The essay effectively addresses the prompt by discussing the negative impacts of rural-to-urban migration. It provides two main arguments: the overcrowding of cities and the decline in food production in rural areas. The response is well-developed with relevant examples, such as the impact on traffic congestion and air pollution, as well as the importance of rural areas in food production. However, the essay could benefit from a more balanced view by briefly acknowledging any potential positive aspects of urban migration, which would strengthen the argument by showing consideration of multiple perspectives.

Coherence and Cohesion

The essay is generally well-organized, with clear paragraphing and logical progression of ideas. Each paragraph focuses on a specific point, and there is a clear introduction and conclusion. However, the use of linking words and phrases could be improved to enhance the flow of the essay. For instance, transitions between sentences and paragraphs could be smoother, and more cohesive devices could be used to connect ideas within paragraphs.

Lexical Resource

The vocabulary used in the essay is appropriate and relevant to the topic. There is a good range of vocabulary, such as "metropolises," "carbon dioxide," "horticulturists," and "irrigation." However, there are some instances of awkward phrasing and word choice, such as "travelling permanently" and "resulted stand still traffic jams." These could be revised for clarity and precision. Additionally, varying sentence structures and incorporating more complex vocabulary could further enhance the lexical resource.

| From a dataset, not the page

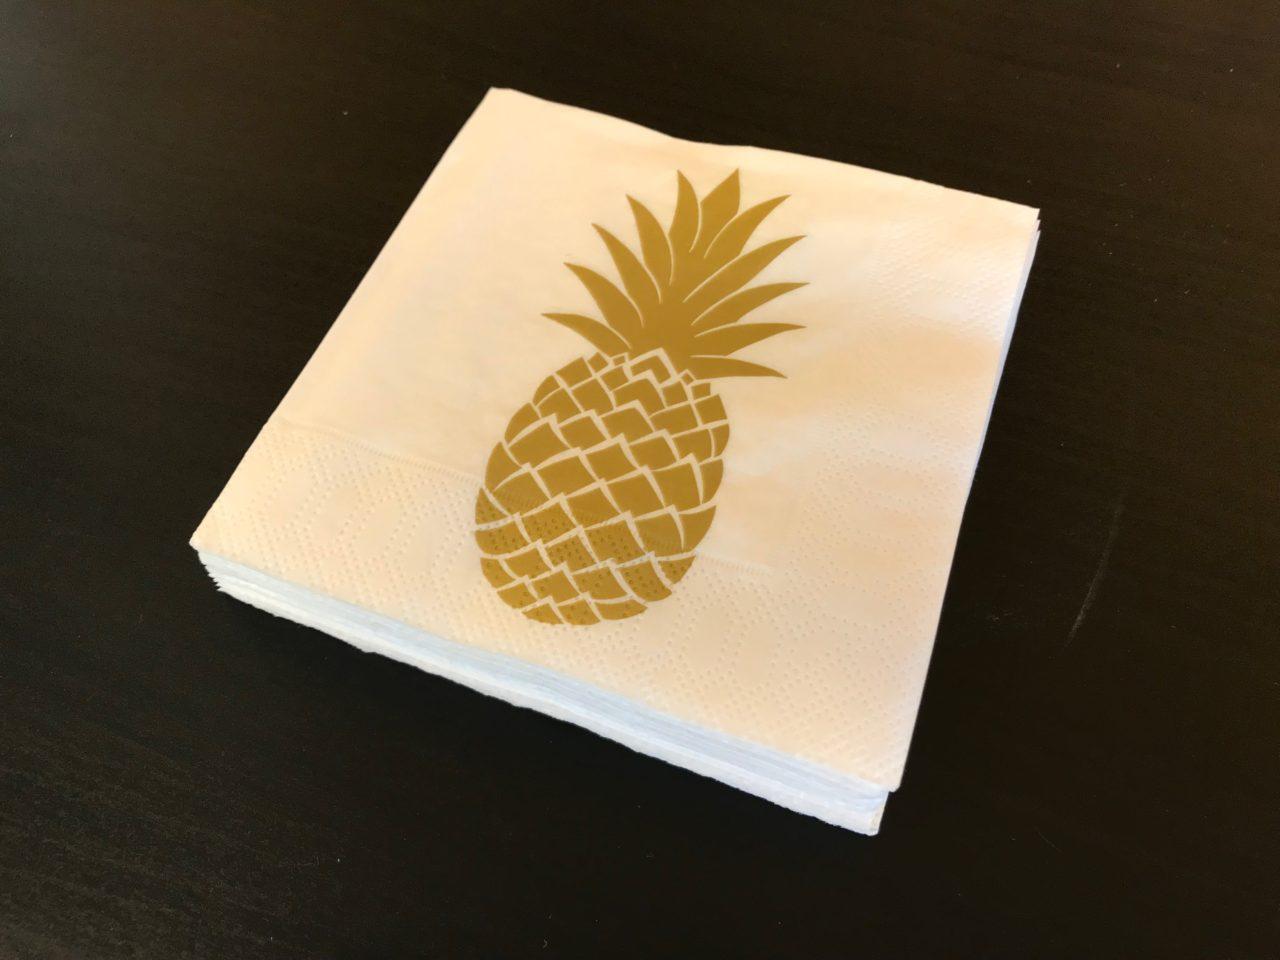 Golden Pineapple Napkin On A Black Table

Grammatical Range and Accuracy

The essay demonstrates a reasonable range of grammatical structures, including complex sentences. However, there are several grammatical errors that affect the clarity of the writing. For example, "cities boast a number of citizens, and suffers from density of population" should be corrected to "cities boast a large population and suffer from population density." Additionally, subject-verb agreement errors and awkward phrasing should be addressed to improve grammatical accuracy. Proofreading for these errors would enhance the overall quality of the essay.

Suggestions for Improvement

  1. Task Achievement: Consider acknowledging potential positive aspects of urban migration to provide a more balanced argument.
  2. Coherence and Cohesion: Use more linking words and cohesive devices to improve the flow and connection between ideas.
  3. Lexical Resource: Revise awkward phrasing and incorporate more complex vocabulary and varied sentence structures.
  4. Grammatical Range and Accuracy: Address grammatical errors, particularly subject-verb agreement and awkward phrasing, to improve clarity and accuracy.

Overall, the essay presents a clear argument with relevant examples but could benefit from improvements in coherence, vocabulary, and grammatical accuracy.